TASK GOAL: Please return the listing exactly as written, but without its pictures.

GIVEN INFORMATION:

____

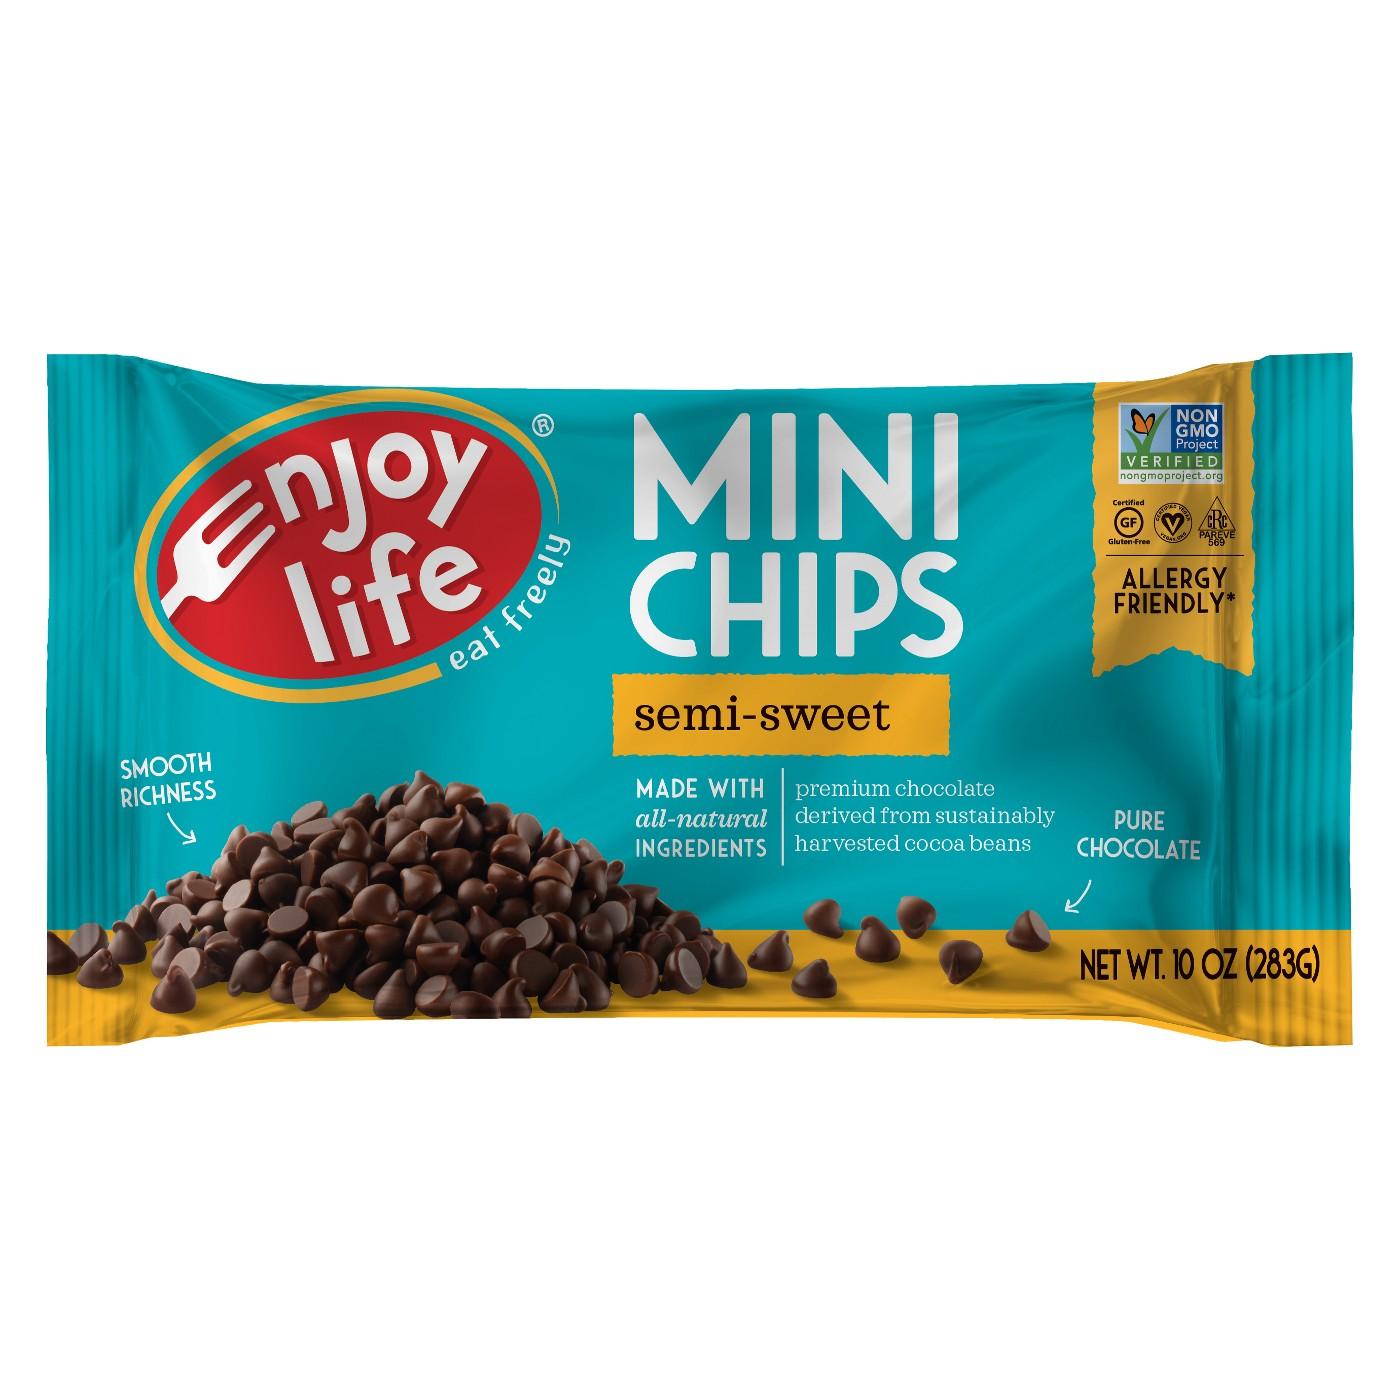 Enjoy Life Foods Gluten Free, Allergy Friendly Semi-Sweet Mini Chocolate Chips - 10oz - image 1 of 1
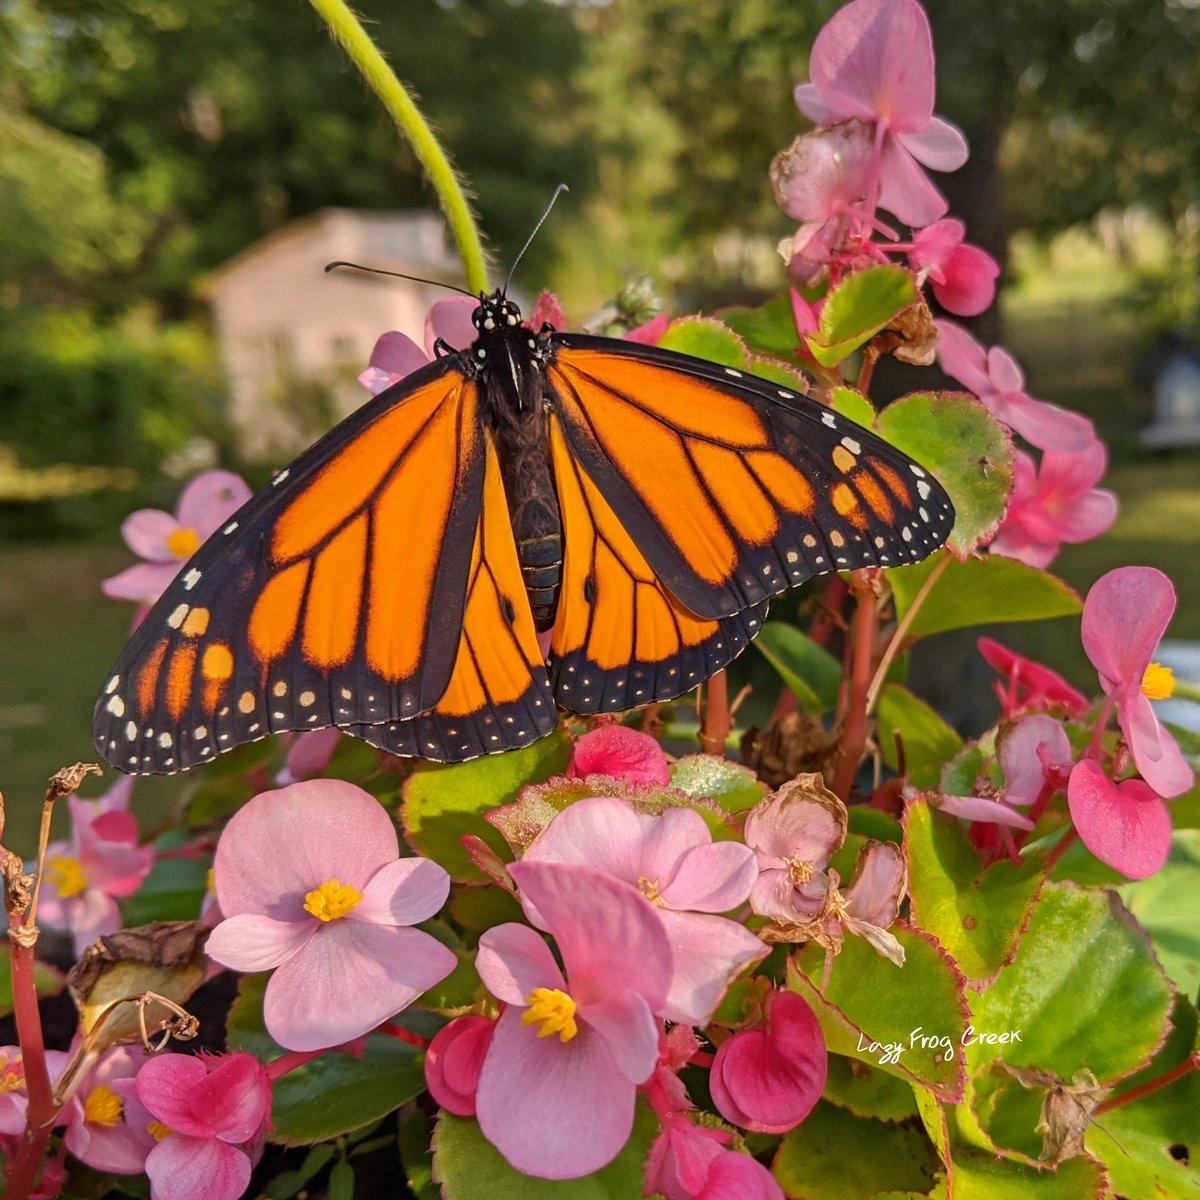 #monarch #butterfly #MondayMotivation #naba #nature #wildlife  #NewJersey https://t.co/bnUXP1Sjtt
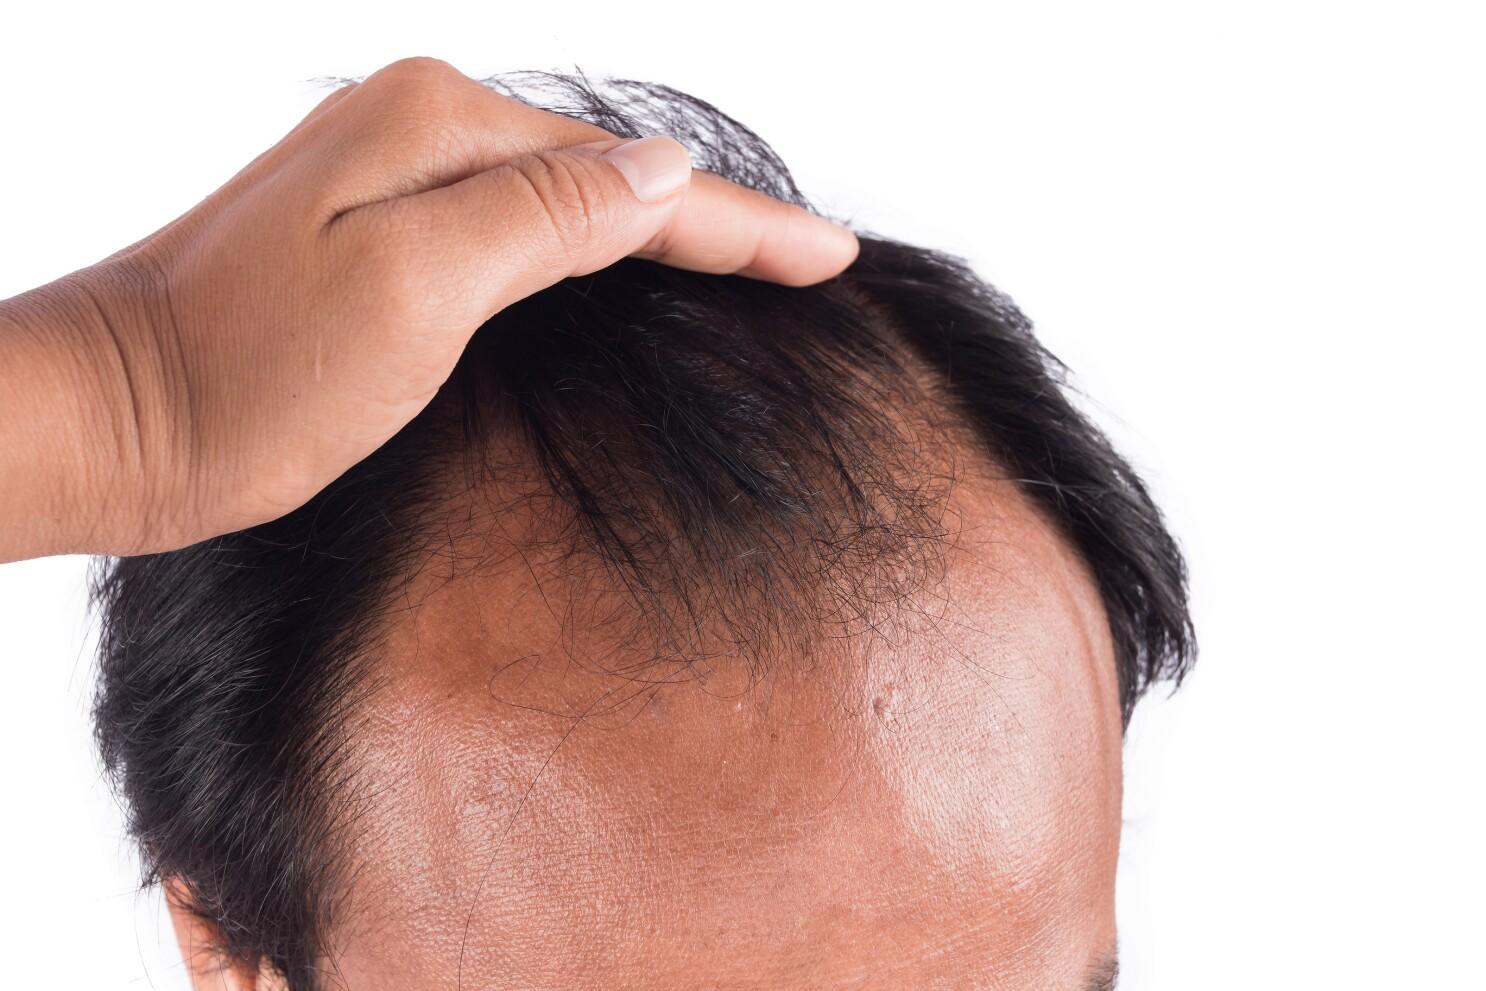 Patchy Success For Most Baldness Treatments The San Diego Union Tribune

____

RESPONSE:
 Enjoy Life Foods Gluten Free, Allergy Friendly Semi-Sweet Mini Chocolate Chips - 10oz - image 1 of 1
 #monarch #butterfly #MondayMotivation #naba #nature #wildlife  #NewJersey https://t.co/bnUXP1Sjtt
 Patchy Success For Most Baldness Treatments The San Diego Union Tribune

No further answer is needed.